I could see why Paul would be called Hermes with his ability to wield words and arguments. But why was Barnabas called Zeus? Zeus is the king of the Olympian gods who hurls bolts of lightning. This doesn’t align very well with what we know about Barnabas whose name means “the son of encouragement.”

Between the two of them, Paul qualified more for the role of Zeus with his thunder-and-lightning statements. Yet, the Lystrans must have seen something in Barnabas that reminded them of Zeus, the king of the gods.

Zeus is a complex mythological figure. His father Kronos was known to eat his own children. When Zeus was born, Hera hid the child from his ever-hungry father and gave him a stone instead of the boy. Kronos swallowed the stone without noticing anything. Kronos ate his children not without a reason — he was chronological time. We are all born in chronological time, and we are consumed by it.

Zeus is a moment in time that was saved from being consumed by time.
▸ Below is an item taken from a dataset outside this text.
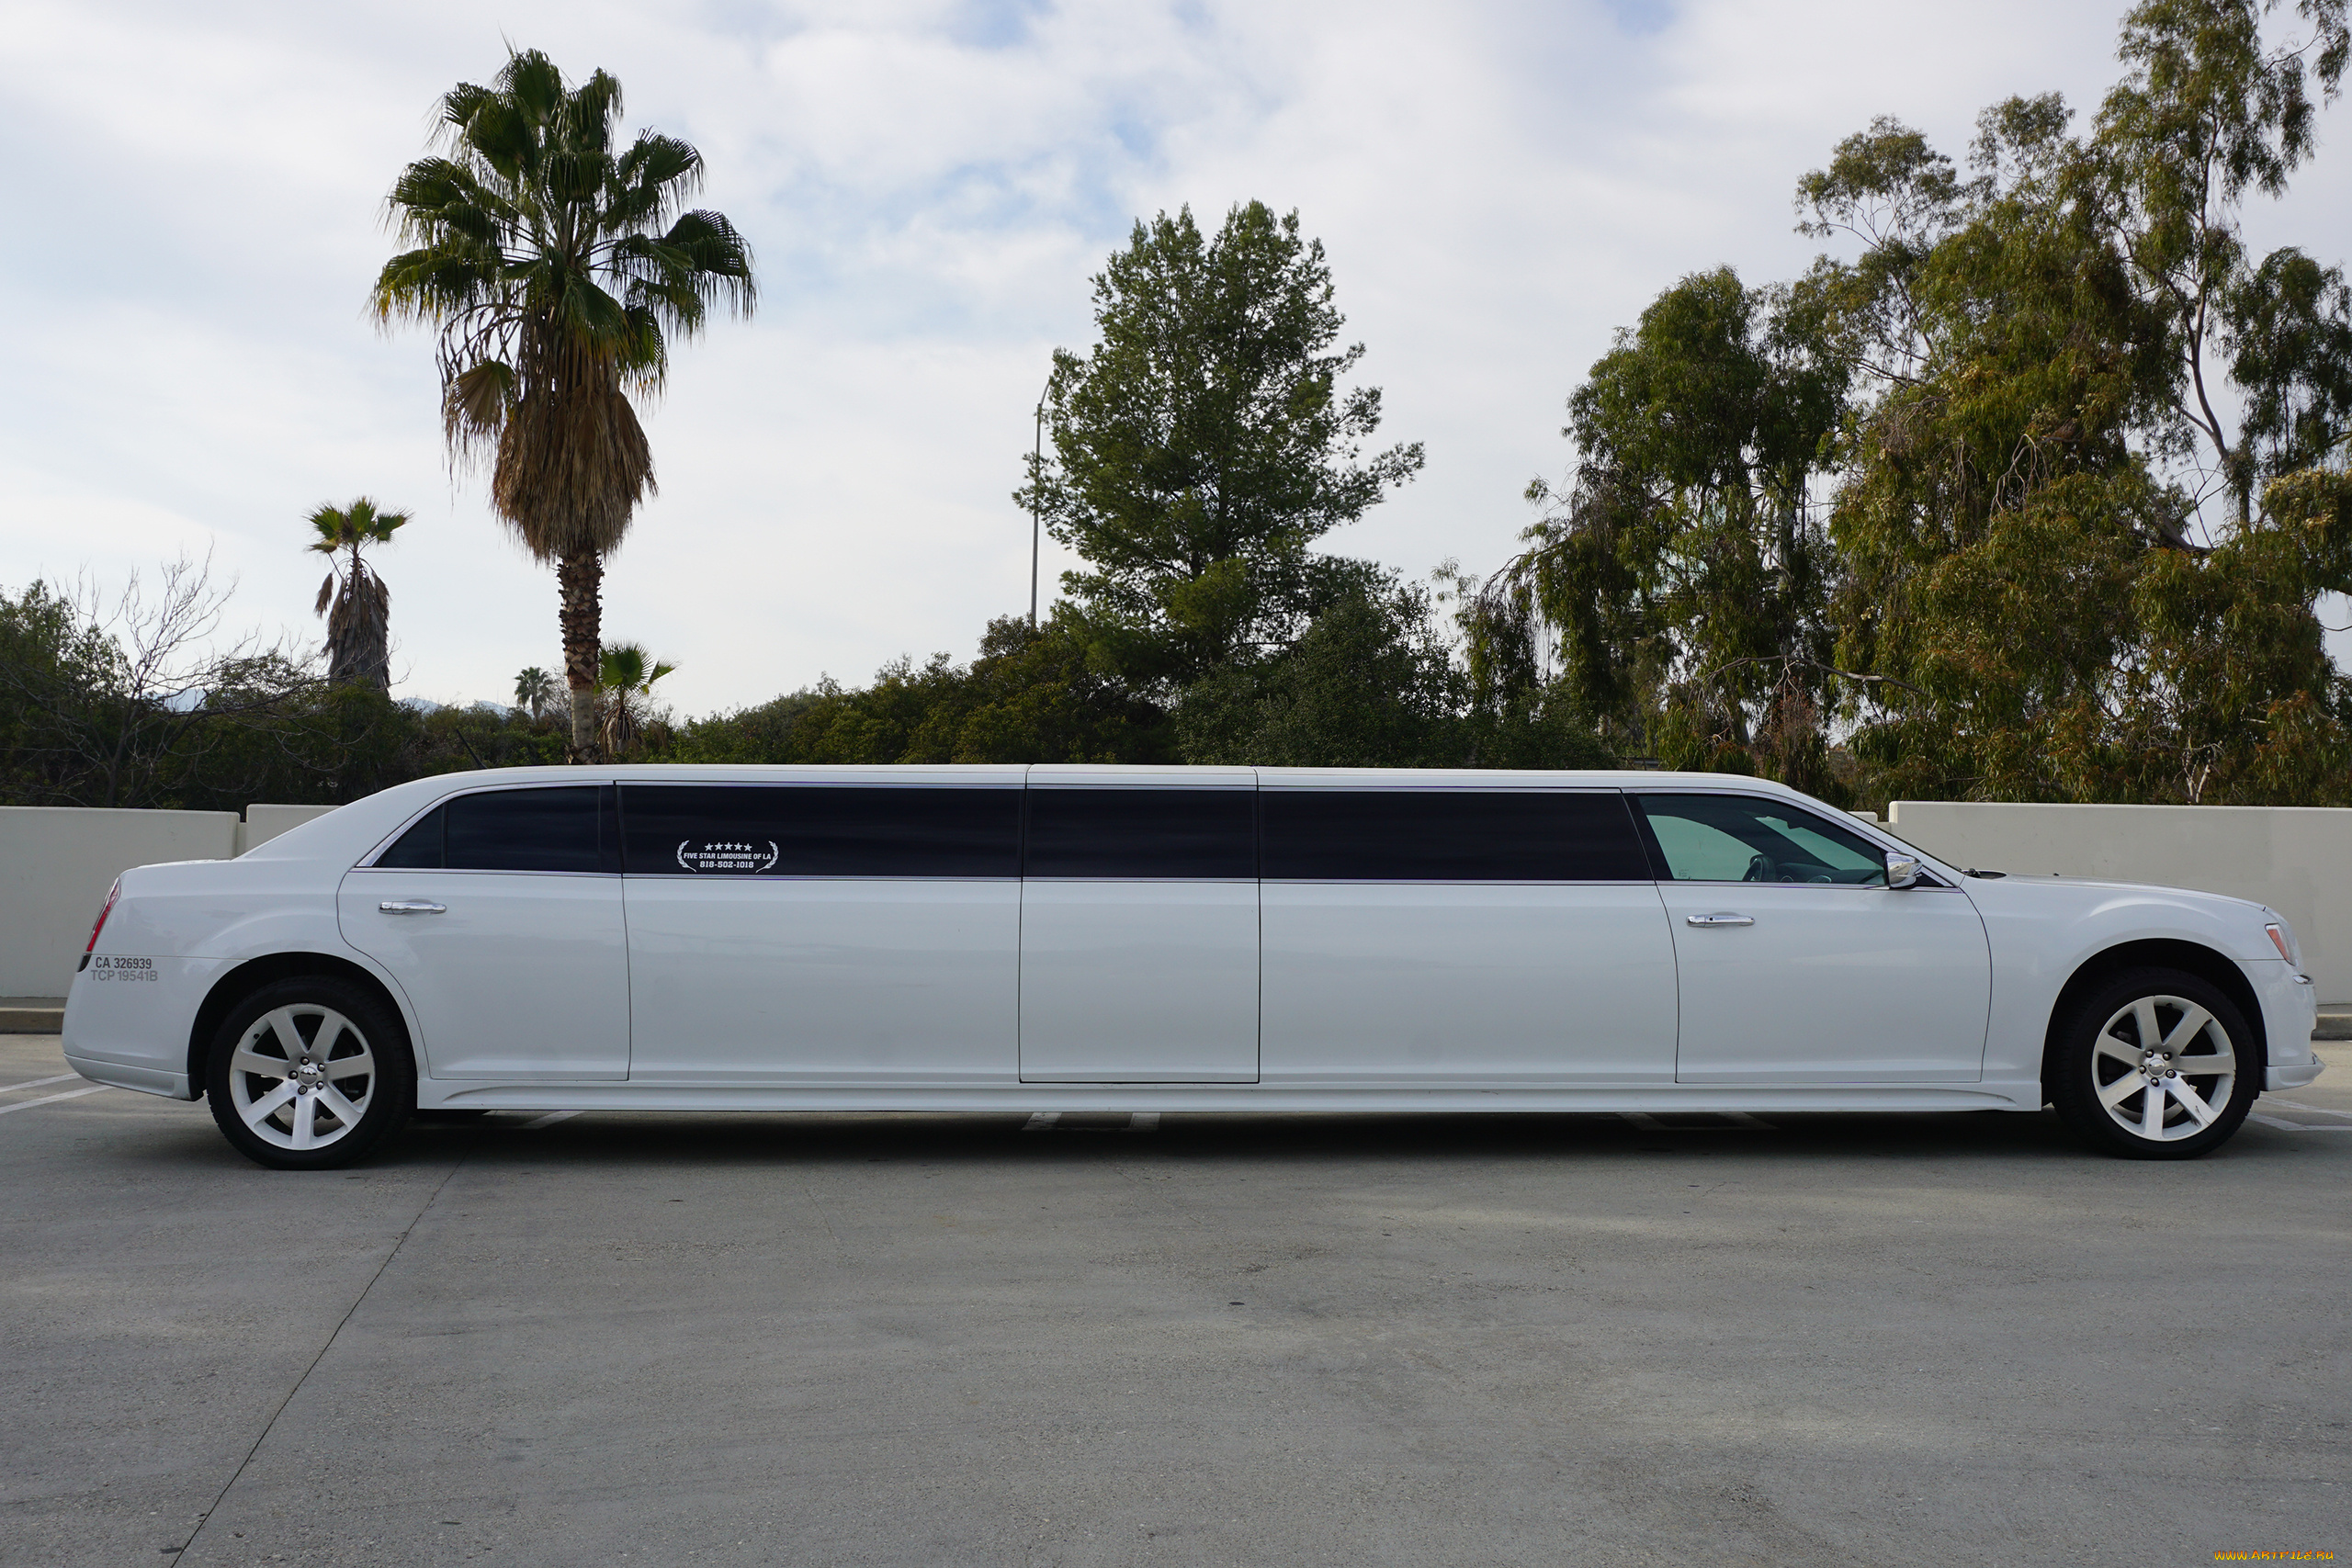 chrysler, 300, limousine, 2016, автомобили, выставки, и, уличные, фото, chrysler, 300, limousine, 2016

In the Greek lore, Zeus is someone who is above time. He prevails over his father Kronos and becomes king. In doing so he becomes electrified — a Source of divine electricity. People who are above time, shine with heavenly light and joy.
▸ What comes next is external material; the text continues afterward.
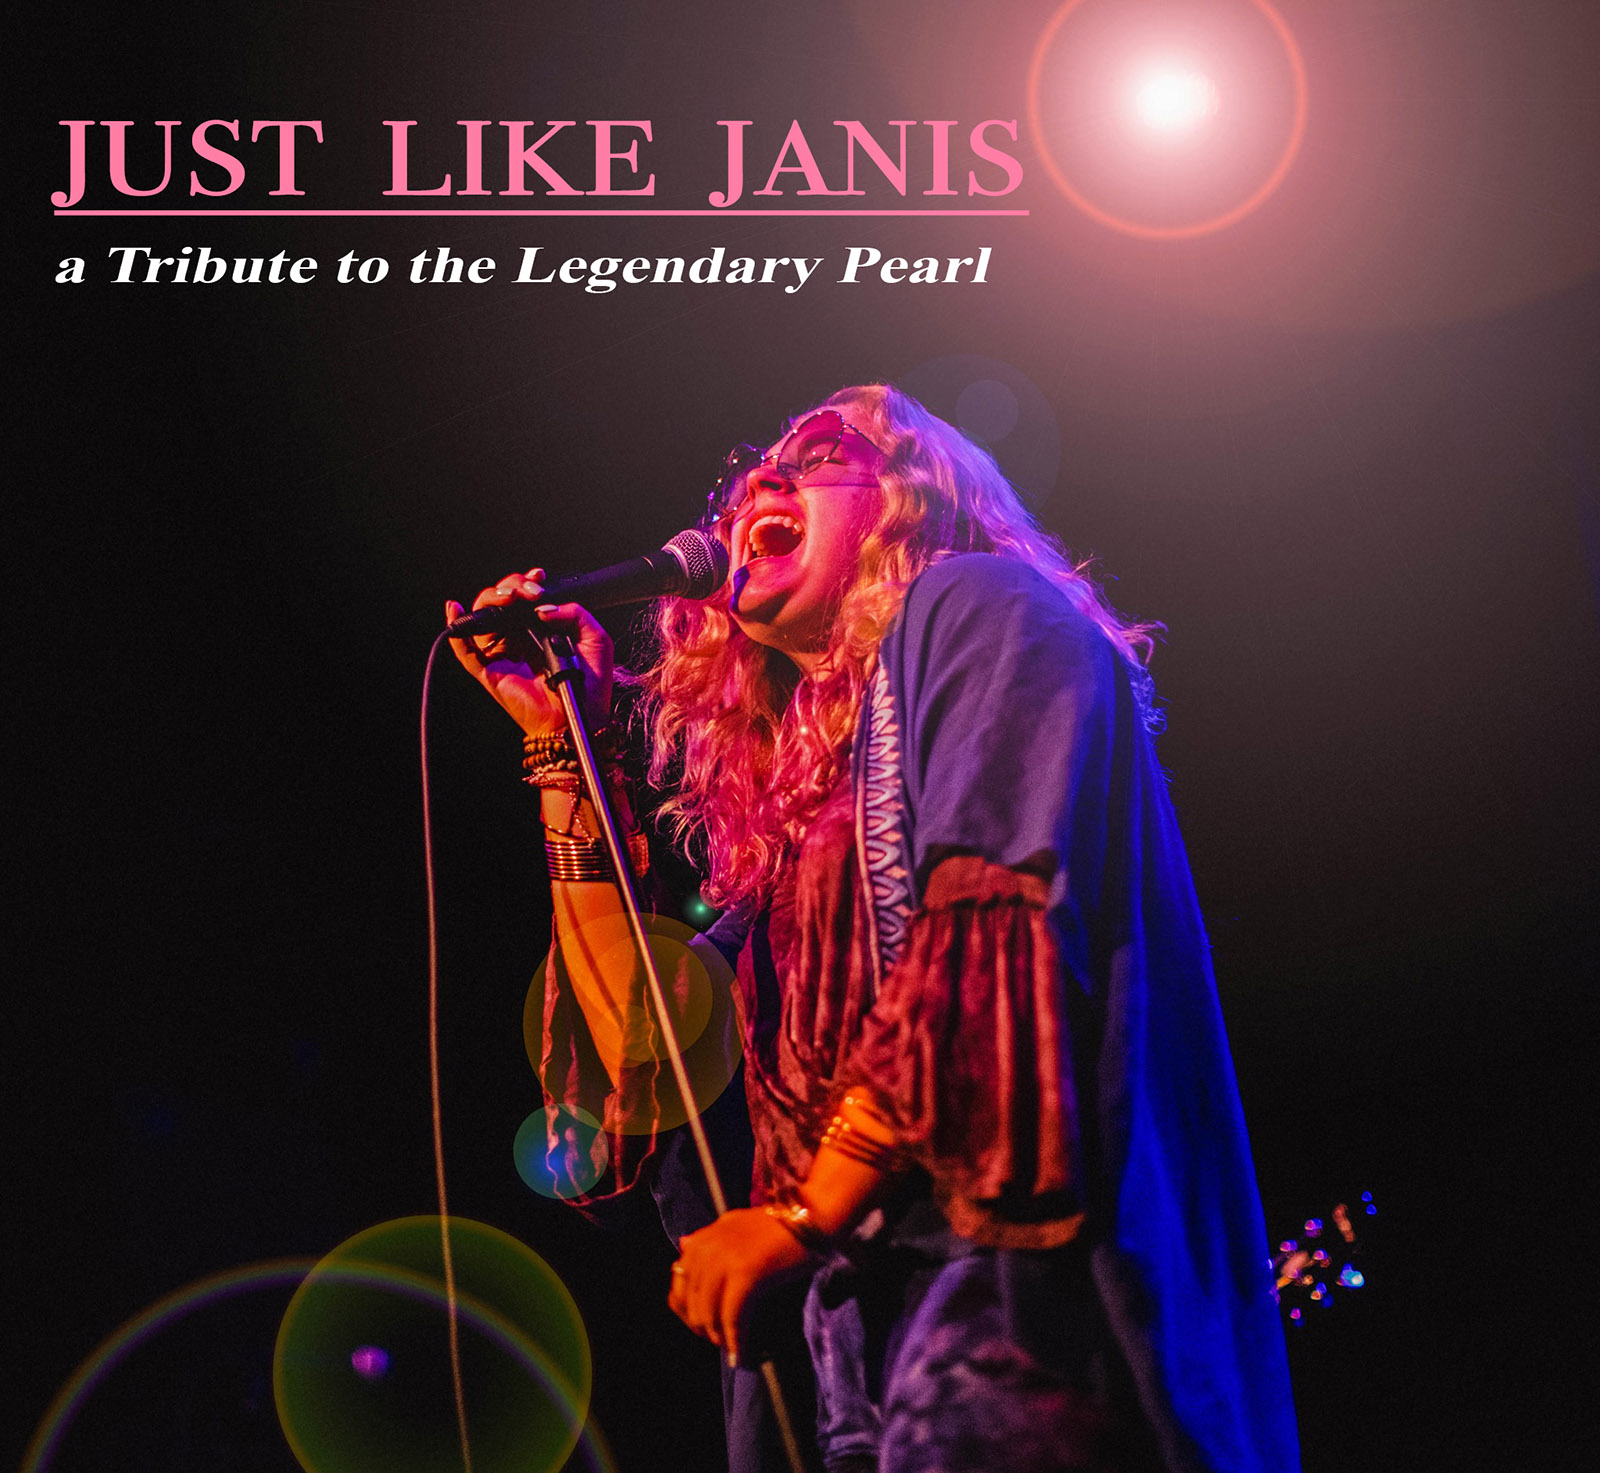 Janis Joplin Musical Leaving Broadway, But Not Going Away

That’s why the Romans associated Jupiter, the Roman equivalent of Zeus, with heavenly joy (gaudium caeleste). He was often depicted as a triumphant figure with a ruddy face. Have you ever met people who are above time? They rule, and they radiate heavenly electricity.

You can read it in their eyes. They tread on earth as kings and queens. They rule over circumstances. They rise above the temporal. They live as if they were eternal. When you touch them, they pass their electricity to you, and you lighten up. You meet them and exclaim, “By Jove, I feel so jovial!”
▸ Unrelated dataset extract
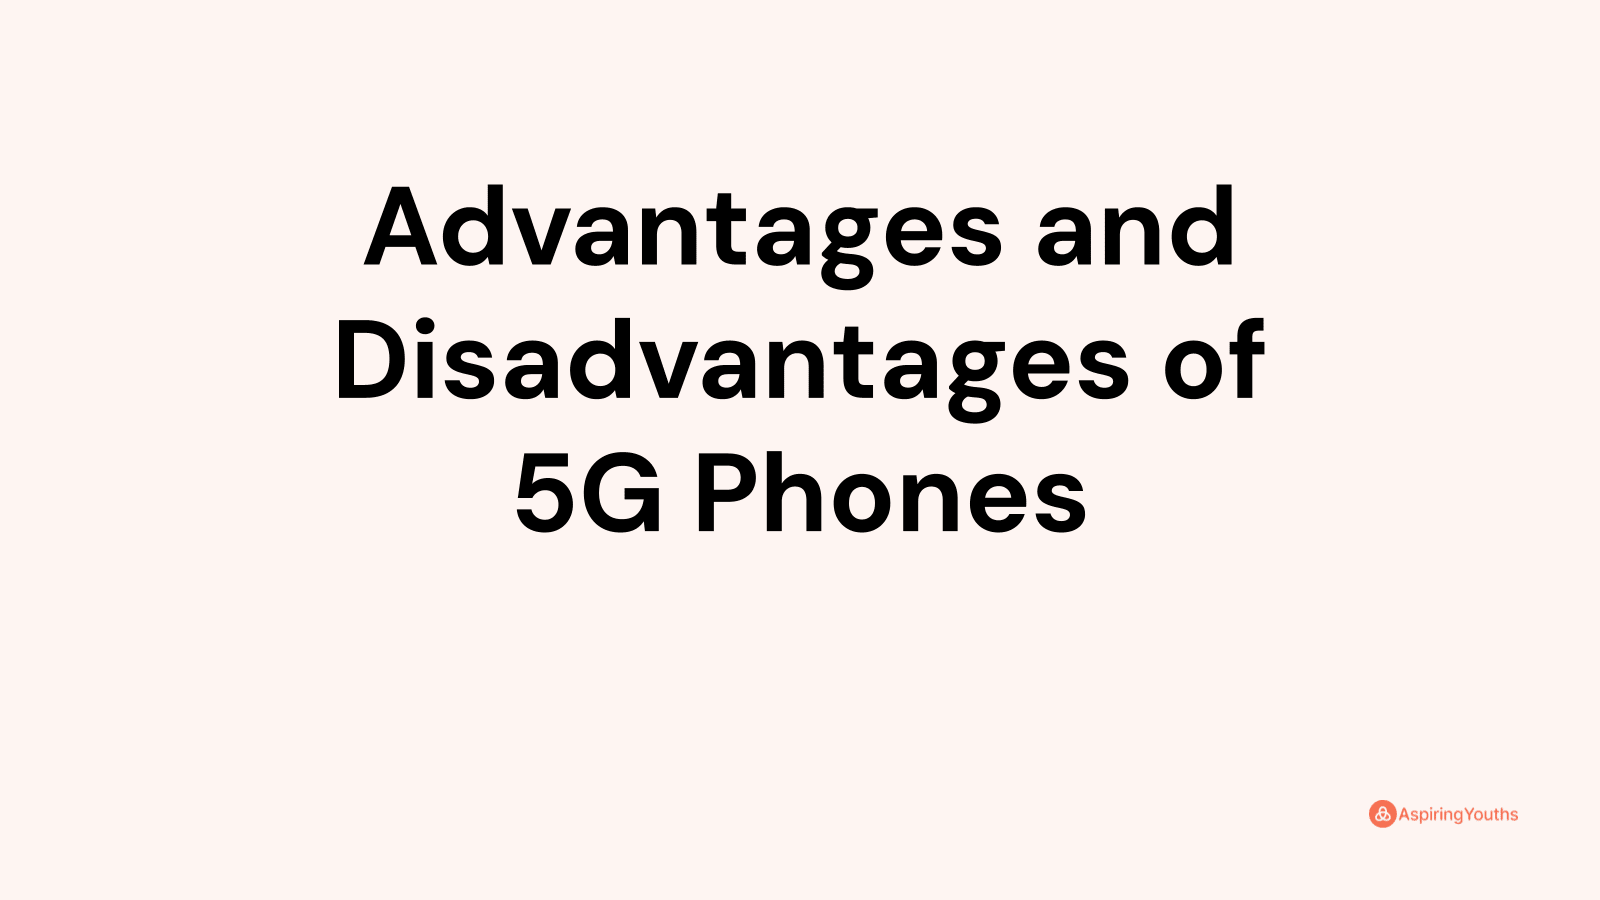 Advantages and disadvantages of 5G Phones

Maybe that’s what the Lystrans saw in the eyes of Barnabas, “the son of encouragement.” Like a lightning bolt, he must have struck them as someone timeless, someone electrified with divine light, someone contagiously jovial. He was a walking encouragement.

The Lystrans wanted to bring sacrifices to both Paul and Barnabas, but the two men redirected their gazes toward the true Source of light. The light was not their own; they shone with a borrowed light. They were images of the Divine, not gods. And yet, the light shone through them to such a degree that people mistook them for gods. Here’s what C.S. Lewis wrote about this phenomenon:

“It is a serious thing to live in a society of possible gods and goddesses, to remember that the dullest most uninteresting person you can talk to may one day be a creature which,if you saw it now, you would be strongly tempted to worship
 There are no ordinary people.” The Weight of Glory

How Aletheia Saves Us From the Shadows of Lethe

How does Aletheia save us from the shadows of Lethe? The mythological river Lethe in the kingdom of Hades is the river of “oblivion.” Lethe means oblivion or forgetfulness. The river flows through hell, and whatever falls into Lethe is forgotten.

Surprisingly, Lethe is related to the Greek aletheia, truth. The prefix “a” means “the opposite of” and Lethe means oblivion. Truth is something that doesn’t fall into Lethe. In Greek, aletheia is something that doesn’t fall into oblivion.

But what doesn’t fall into oblivion? Eventually, everything falls into oblivion. Everything is forgotten, except the things (and the times) we have salvaged from being consumed by the flow of chronological time.

Salvaged time is the time snatched from oblivion. It is aletheia.

“Yes, says the Spirit, they are blessed indeed, for they will rest from their hard work; for their good deeds follow them!” Rev. 14:13

Whatever we have done in chronological time to transcend chronological time remains. It follows us. It has been saved from Lethe. It is aletheia. It cannot disappear. Michelangelo said,

“The true work of art is but a shadow of the divine perfection.”

In aletheia, we turn shadows into glimpses of divine perfection. They cannot disappear. We do something “into the law in which we were made” – to use Tolkien’s vernacular. We become sub-creators.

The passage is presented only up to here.